You can call it grass, herb, pot or weed, but whatever you call it Quebec adolescents are smoking marijuana a lot. A team of researchers at McGill University and Université de Montréal estimates that a third of 15- and 16-year-old Quebec teens have smoked marijuana more than 5 times. Of that group, 74% use the drug at school, and 64% are bicycling, in-line skating and swimming while under its influence. The results were published recently in the Journal of the American Academy of Child and Adolescent Psychiatry (1999;38[7]:900-7).
Dr. Mark Zoccolillo, a psychiatrist at the Montreal Children's Hospital and the lead author, wonders why chronic marijuana use by teens is rarely discussed. "I don't know why people don't talk about it. Adolescents really dive into it - it becomes part of daily life. What kind of drug is this, when such a high proportion are using it and spending much of their day high? Is this a drug that is reinforcing its own use?"

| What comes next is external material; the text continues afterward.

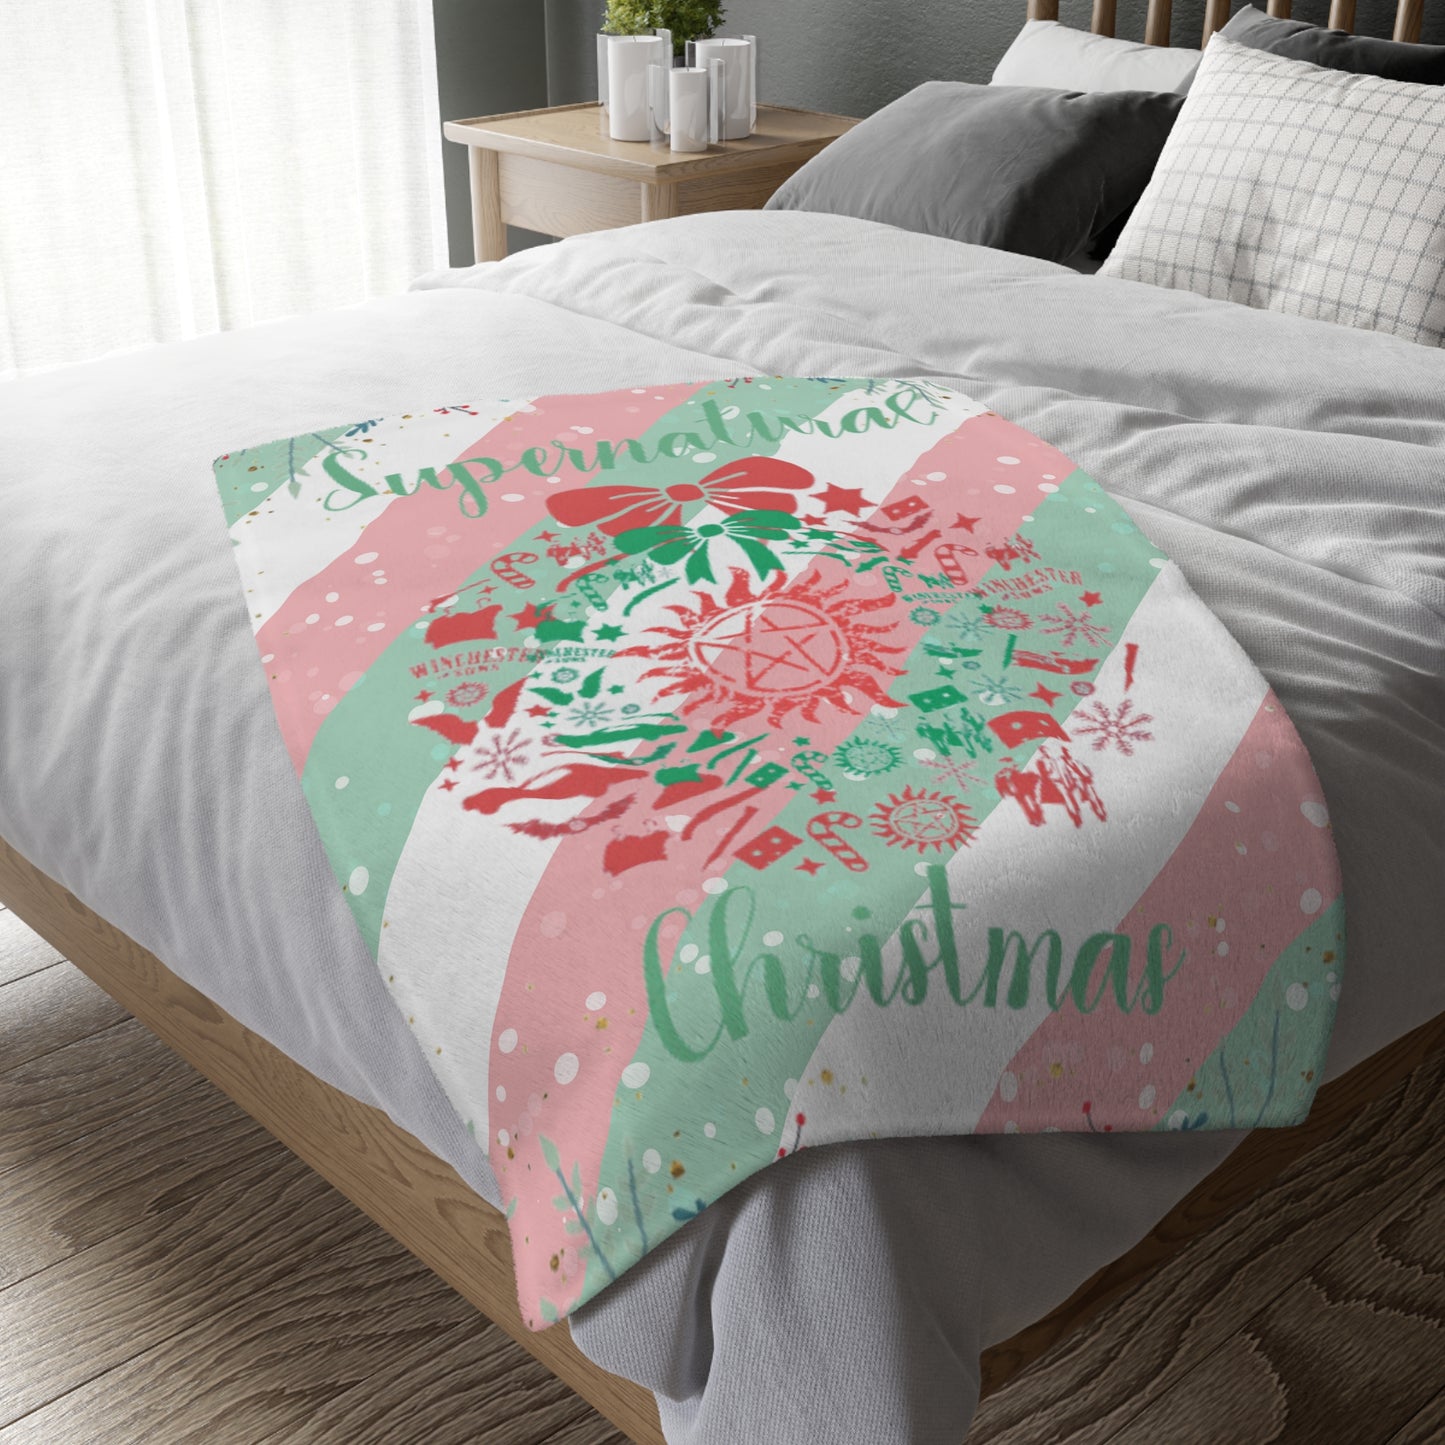 Supernatural Wreath Blanket (Two-sided print)

The research group interviewed a cohort of almost 2000 Quebec teens who had been evaluated at regular intervals since kindergarten. The sample was divided into 2 groups, 1 that was randomly selected to represent various regions of the province and another that comprised children who had been identified in kindergarten as disruptive by parents and teachers. There were no significant differences between the 2 groups in terms of drug-related problems - randomly selected 15- and 16-year-olds were just as likely as high-risk teens to use marijuana, and to use it often. This dispels the myth that only troubled teenagers or those from impoverished backgrounds use drugs routinely. However, Zoccolillo says it remains to be seen whether teens who have an early history of behavioural problems begin to use illegal drugs at a younger age or progress to using hard drugs more often than their peers.
Although alcohol is cited more often in high school prevention programs, the study found that drinking is not as pervasive as marijuana use. Once past the threshold of using illegal drugs more than 5 times - this accounted for two-thirds of the sample members who had ever tried drugs - adolescents incorporated marijuana into their daily lives. This was not true of alcohol, which tended to be consumed less frequently. Adolescents were found to be less likely to drink in the morning or to be drunk at school or while playing sports or driving a car. Zoccolillo states that given the high rates of marijuana use in teens, family physicians and pediatricians should include queries about use of the drug whenever they examine adolescents.